The table says "the monoisotopic mass of water is considered to be 18.01056" so

    >>> 821.3919199999999 + 18.01056
    839.40248

This latter number matches the value given by https://web.expasy.org/cgi-bin/compute_pi/pi_tool .

Which means the example answer ... is wrong. Yes?

How (in)correct are the other answers? I-am-not-a-bioinformatics-programmer.

ihunter28396y ago

This site was developed by Pavel Pevzner, who teaches bioinformatics at UCSD. We used this site as the main curriculum in one of our final bioinformatics class, and after solving ~ 10 - 15 problems a week for 10 weeks, I don't recall a single time where the error was in the problem set solutions.

Re: the problem - not a hundred percent on this, but I think the issue is that they are vague on the fact that this is a theoretical question, not a practical one.
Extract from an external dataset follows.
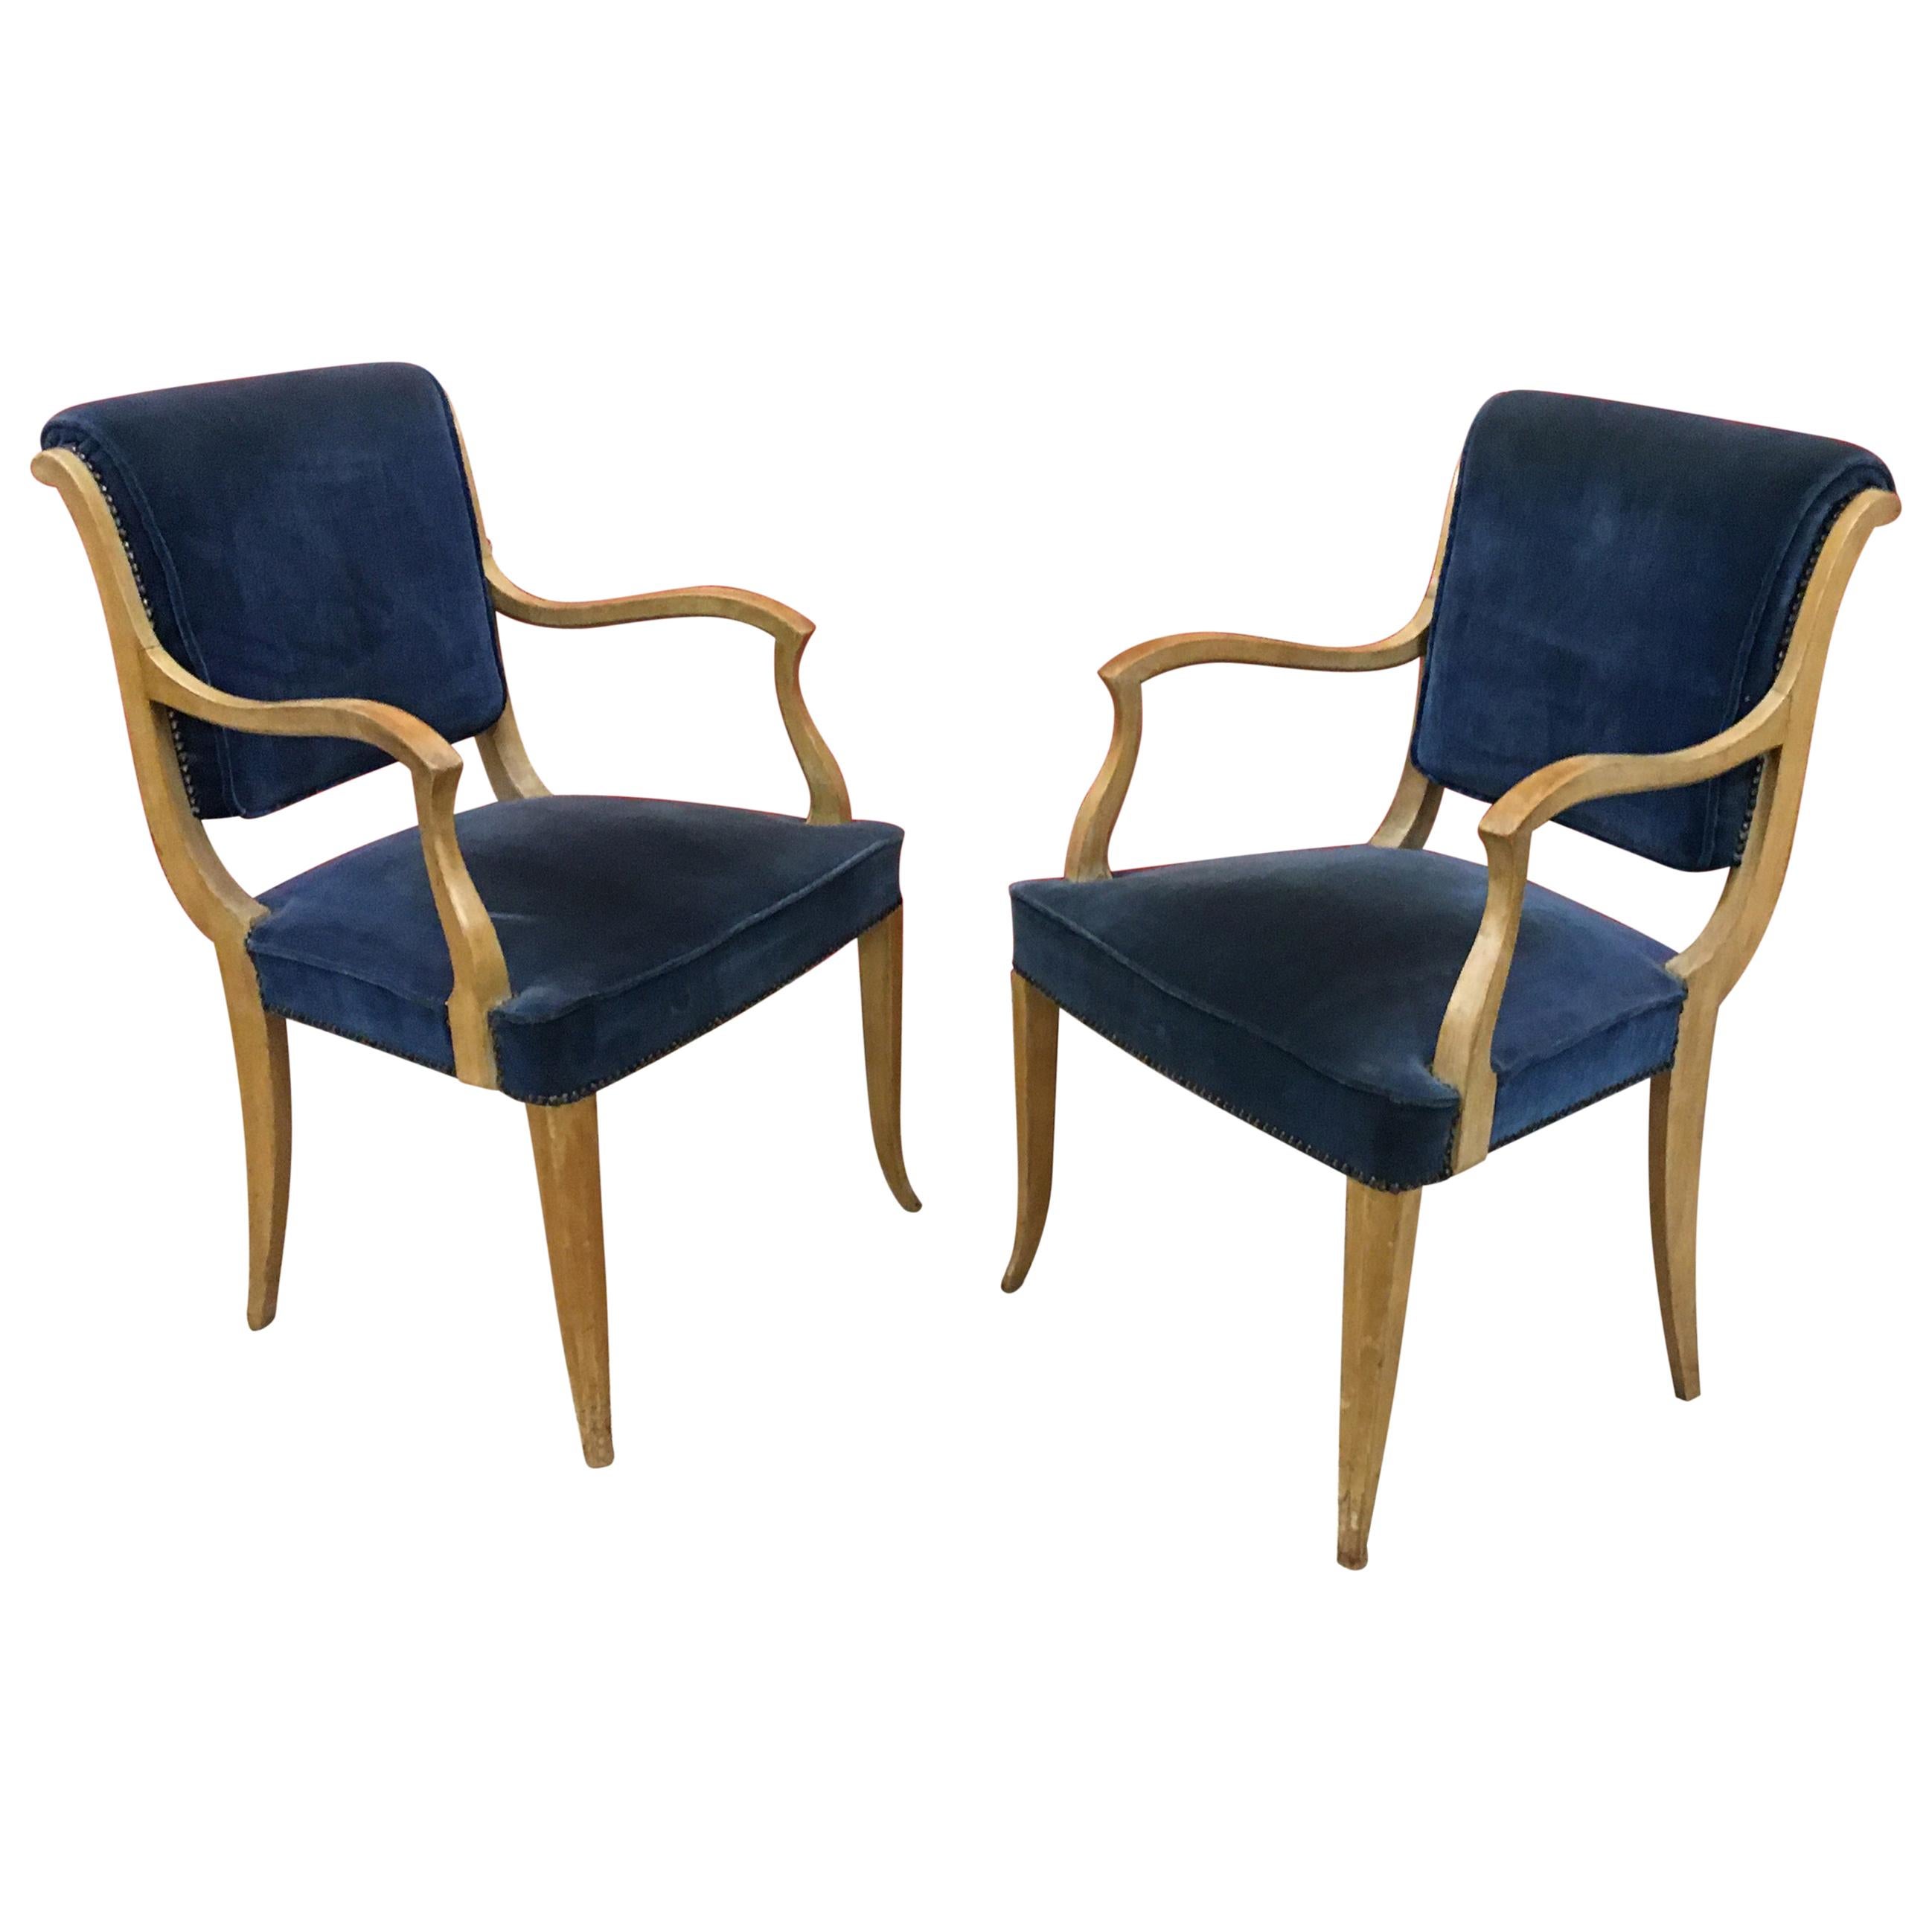 René Prou, Two Art Deco Armchairs in Lacquered Wood and Blue Velvet

The key is that the question itself does not mention the addition of the water molecule, just that you have a sequence P with a dictionary of weights.

Edit 1: If memory serves me correct, after the initial ionization phase of mass spectroscopy, the additional water molecule is discarded, making it insignificant in the analysis of your peptide sequences.

Edit 2: If anyone is interested in following through this site, I would highly recommended using the existing problem tracks http://rosalind.info/problems/list-view/?location=bioinforma... These will help lay out the problems in a logical order an ensure you have the skills you need to progress. Alignment problems are a great way to learn dynamic programming and will allow you to move onto some of these other problems (like mass spec and HMMs) more reasonably (at least, in my experience!) Good luck!

eesmith6y ago

I was thinking about this some more. You wrote "after the initial ionization phase of mass spectroscopy".

In high school I tried to build a mass spectrometer. It didn't work - I couldn't get a high enough vacuum, and a few years later as a physics undergrad did I find that that was only one of several problems I had. It was fun to try though.

But I do know that the ionized particle has a charge, and that electron affects the overall mass, by about 1/1836 Dalton . That's 0.00054 Dalton, while the table lists masses down to even higher accuracy, like 71.03711 .

The example output gives a value down to 3 decimal digits, so at that precision there's a 50% chance that the electron mass will affect the result.

Isn't this problem therefore implicitly teaching an excessive trust in significant digits?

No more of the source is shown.